[Records from a data source]
◆ ◆ ◆ ◆ ◆

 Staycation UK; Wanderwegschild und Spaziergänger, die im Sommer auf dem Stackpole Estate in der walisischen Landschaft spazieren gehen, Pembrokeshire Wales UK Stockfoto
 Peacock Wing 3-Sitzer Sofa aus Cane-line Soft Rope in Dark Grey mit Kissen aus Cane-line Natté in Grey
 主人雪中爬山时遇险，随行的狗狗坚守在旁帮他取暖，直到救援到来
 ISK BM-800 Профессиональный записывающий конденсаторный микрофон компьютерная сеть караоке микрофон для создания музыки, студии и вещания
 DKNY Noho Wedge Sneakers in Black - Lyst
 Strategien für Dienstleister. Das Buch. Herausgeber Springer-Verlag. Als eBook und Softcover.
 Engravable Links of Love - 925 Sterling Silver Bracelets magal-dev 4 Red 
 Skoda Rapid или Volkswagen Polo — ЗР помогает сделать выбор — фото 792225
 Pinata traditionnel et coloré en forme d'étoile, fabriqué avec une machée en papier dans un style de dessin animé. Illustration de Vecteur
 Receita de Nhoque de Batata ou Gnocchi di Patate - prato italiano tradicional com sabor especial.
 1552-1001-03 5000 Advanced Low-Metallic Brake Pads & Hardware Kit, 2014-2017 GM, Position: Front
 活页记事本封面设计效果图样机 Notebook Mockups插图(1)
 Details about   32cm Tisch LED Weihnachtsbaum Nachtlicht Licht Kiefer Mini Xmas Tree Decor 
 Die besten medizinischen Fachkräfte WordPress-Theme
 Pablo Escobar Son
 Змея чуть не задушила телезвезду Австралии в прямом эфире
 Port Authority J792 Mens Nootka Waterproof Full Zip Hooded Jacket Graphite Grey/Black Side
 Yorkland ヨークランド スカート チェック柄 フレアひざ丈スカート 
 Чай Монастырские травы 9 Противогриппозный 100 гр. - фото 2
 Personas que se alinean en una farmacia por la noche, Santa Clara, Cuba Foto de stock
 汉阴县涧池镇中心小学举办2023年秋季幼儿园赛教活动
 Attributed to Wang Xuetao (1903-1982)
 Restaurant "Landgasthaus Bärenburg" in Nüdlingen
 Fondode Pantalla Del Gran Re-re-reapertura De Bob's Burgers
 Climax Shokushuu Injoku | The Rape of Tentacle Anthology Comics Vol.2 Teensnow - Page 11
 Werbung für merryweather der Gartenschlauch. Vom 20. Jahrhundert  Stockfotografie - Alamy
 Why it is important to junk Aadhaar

◆ ◆ ◆ ◆ ◆

• [Assignment]:
Print all of the lines above so that each one matches its original exactly.

• [Your response]:
 Staycation UK; Wanderwegschild und Spaziergänger, die im Sommer auf dem Stackpole Estate in der walisischen Landschaft spazieren gehen, Pembrokeshire Wales UK Stockfoto
 Peacock Wing 3-Sitzer Sofa aus Cane-line Soft Rope in Dark Grey mit Kissen aus Cane-line Natté in Grey
 主人雪中爬山时遇险，随行的狗狗坚守在旁帮他取暖，直到救援到来
 ISK BM-800 Профессиональный записывающий конденсаторный микрофон компьютерная сеть караоке микрофон для создания музыки, студии и вещания
 DKNY Noho Wedge Sneakers in Black - Lyst
 Strategien für Dienstleister. Das Buch. Herausgeber Springer-Verlag. Als eBook und Softcover.
 Engravable Links of Love - 925 Sterling Silver Bracelets magal-dev 4 Red 
 Skoda Rapid или Volkswagen Polo — ЗР помогает сделать выбор — фото 792225
 Pinata traditionnel et coloré en forme d'étoile, fabriqué avec une machée en papier dans un style de dessin animé. Illustration de Vecteur
 Receita de Nhoque de Batata ou Gnocchi di Patate - prato italiano tradicional com sabor especial.
 1552-1001-03 5000 Advanced Low-Metallic Brake Pads & Hardware Kit, 2014-2017 GM, Position: Front
 活页记事本封面设计效果图样机 Notebook Mockups插图(1)
 Details about   32cm Tisch LED Weihnachtsbaum Nachtlicht Licht Kiefer Mini Xmas Tree Decor 
 Die besten medizinischen Fachkräfte WordPress-Theme
 Pablo Escobar Son
 Змея чуть не задушила телезвезду Австралии в прямом эфире
 Port Authority J792 Mens Nootka Waterproof Full Zip Hooded Jacket Graphite Grey/Black Side
 Yorkland ヨークランド スカート チェック柄 フレアひざ丈スカート 
 Чай Монастырские травы 9 Противогриппозный 100 гр. - фото 2
 Personas que se alinean en una farmacia por la noche, Santa Clara, Cuba Foto de stock
 汉阴县涧池镇中心小学举办2023年秋季幼儿园赛教活动
 Attributed to Wang Xuetao (1903-1982)
 Restaurant "Landgasthaus Bärenburg" in Nüdlingen
 Fondode Pantalla Del Gran Re-re-reapertura De Bob's Burgers
 Climax Shokushuu Injoku | The Rape of Tentacle Anthology Comics Vol.2 Teensnow - Page 11
 Werbung für merryweather der Gartenschlauch. Vom 20. Jahrhundert  Stockfotografie - Alamy
 Why it is important to junk Aadhaar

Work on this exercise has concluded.